I’ve been wanting to try acupuncture for my overall lack of mental health for quite awhile, and this morning I finally had an appointment with a woman whose English was so bad that I finished most of her sentences for her after losing patience with her stumbling diction and incessant hand motions (you know, the universal sign language that means “If I just wave my hands long enough surely this person will learn to speak my language”). For some odd reason, I found her complete Chinese-ness reassuring. If someone is going to stick needles into my body, they’d better have a thick accent and at least one statuette of a kimono-clad woman in her office. Check and check!

I don’t have any clue yet whether this will help with my mental health, and quite honestly, my brain is so prone to ups and downs (thank you, bi-polar II) that I might well think something has worked when I’m just on a natural high. We’ll see.

But honestly, the more interesting part of the experience had nothing to do with the needles or the broken English or the wall full of Chinese herbs.
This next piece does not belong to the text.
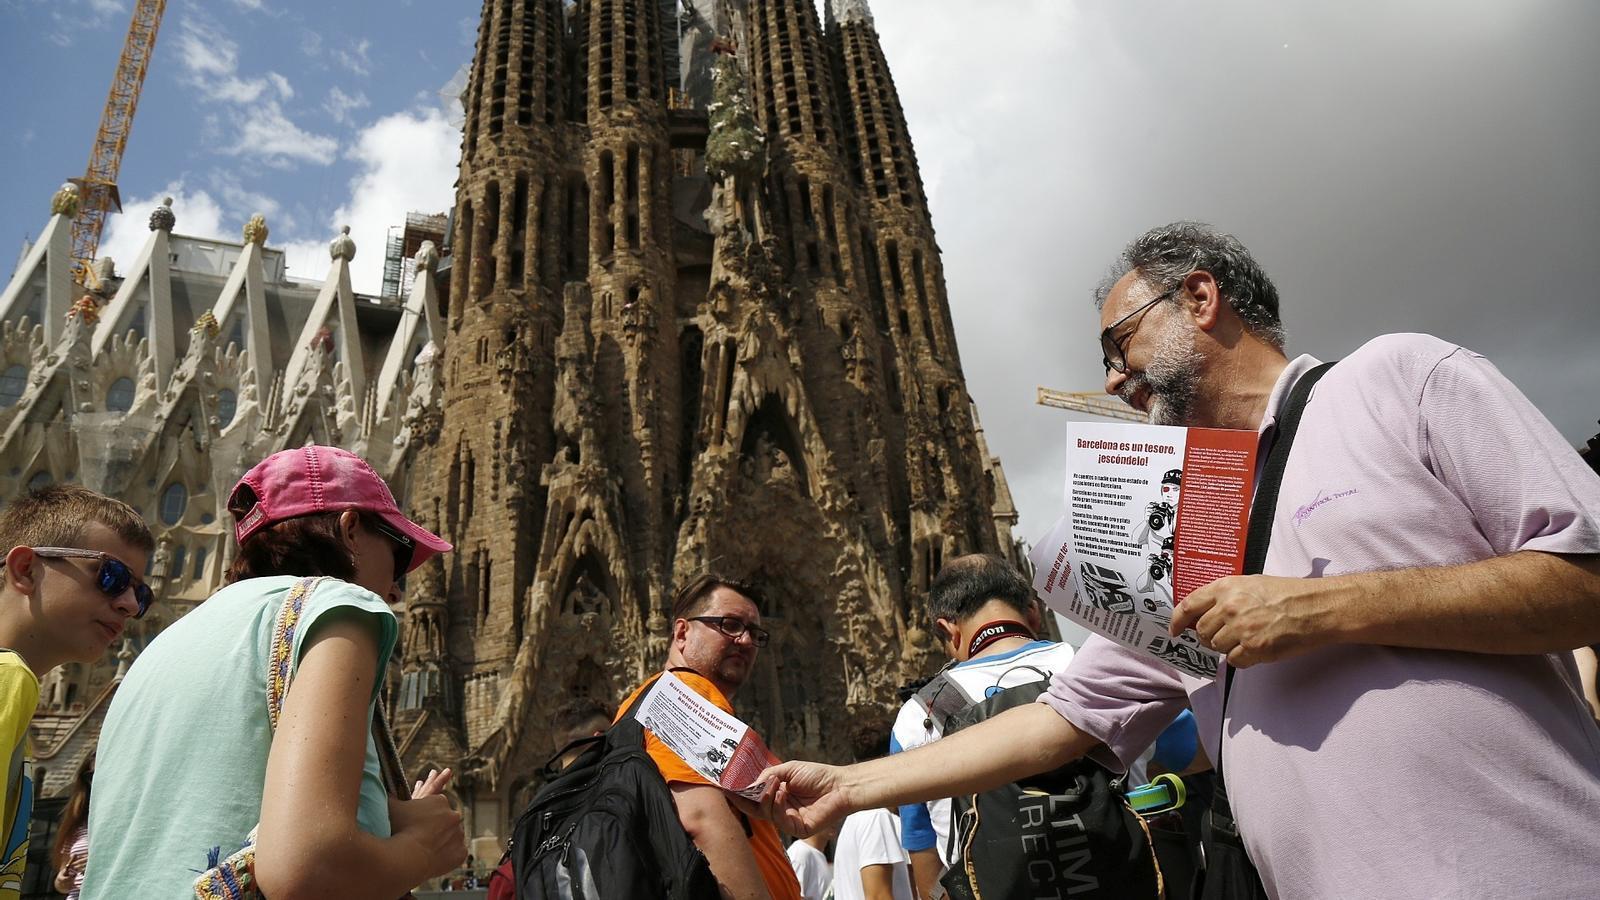 Membres de la FAVB reparteixen fulletons en contra la massificació turística davant de la Sagrada Família

No, the best part of this story came as I was leaving home to head to the appointment…As I was leaving, my wife’s “small group” from our former church was arriving. It consists of three women around our age and one woman who is about twenty years their senior who “mentors” them. This very sweet and well-intentioned woman asked where I was headed, and when I told her, her face sprouted a concerned look. Then she said, “You need to pray for protection because acupuncture involves spirits, and you don’t want to open yourself up to an evil spirit.”

Having grown up in and around fundamentalist Christianity, I have heard this view expressed before. It’s basically religiously-justified xenophobia, the attitude being very much an us vs. them mentality: “Surely God can’t/won’t be involved in any Eastern methods of healing or hope. No, those versions of health come from evil spirits that the Real God is fighting against. But make sure you ask the Real God to help you in prayer; otherwise, he’ll just ignore your misfortune as you allow evil spirits to invade your unsuspecting body. Muhahahahaha!”
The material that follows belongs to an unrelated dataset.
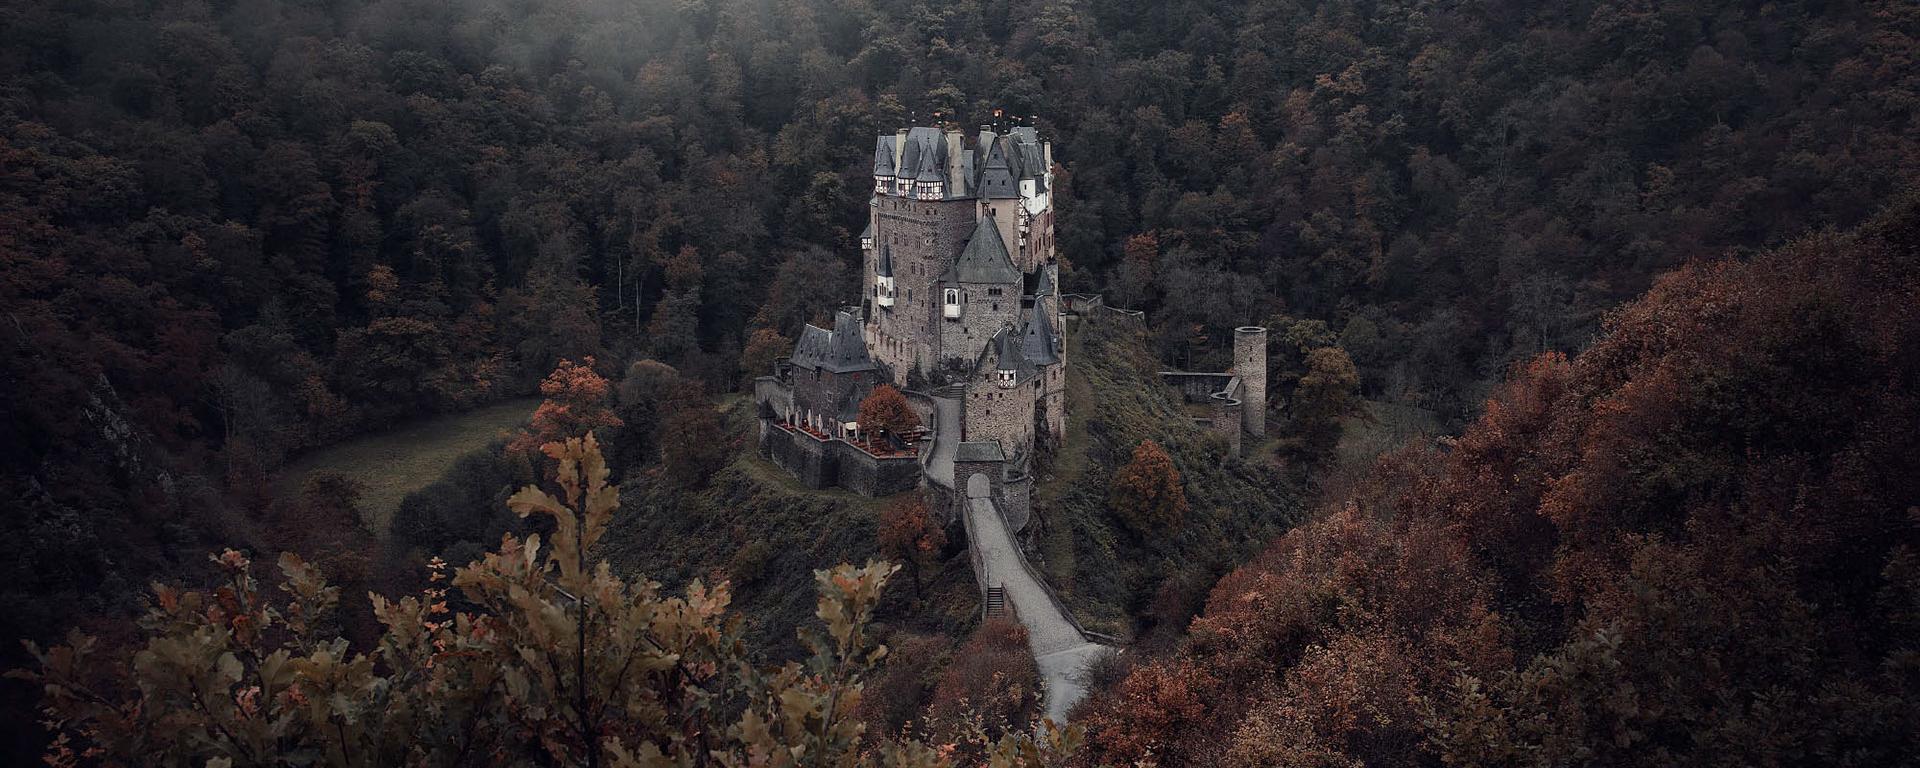 藏匿于山林的梦幻城堡

While I find the aforementioned ideas laughable these days, I’m also well aware that dogma is not unique to Christianity. Even the acupuncturist, from what I could understand, was espousing her own version of dogma. She boldly claimed that I should be off of all five medicines that I take with enough acupuncture treatment. If she’s right, I guess those evil spirits know what they’re doing. For now, my cynical self suspects that both ladies are wrong. I’m just hoping for a small step forward here, ladies. Is that too much to ask?!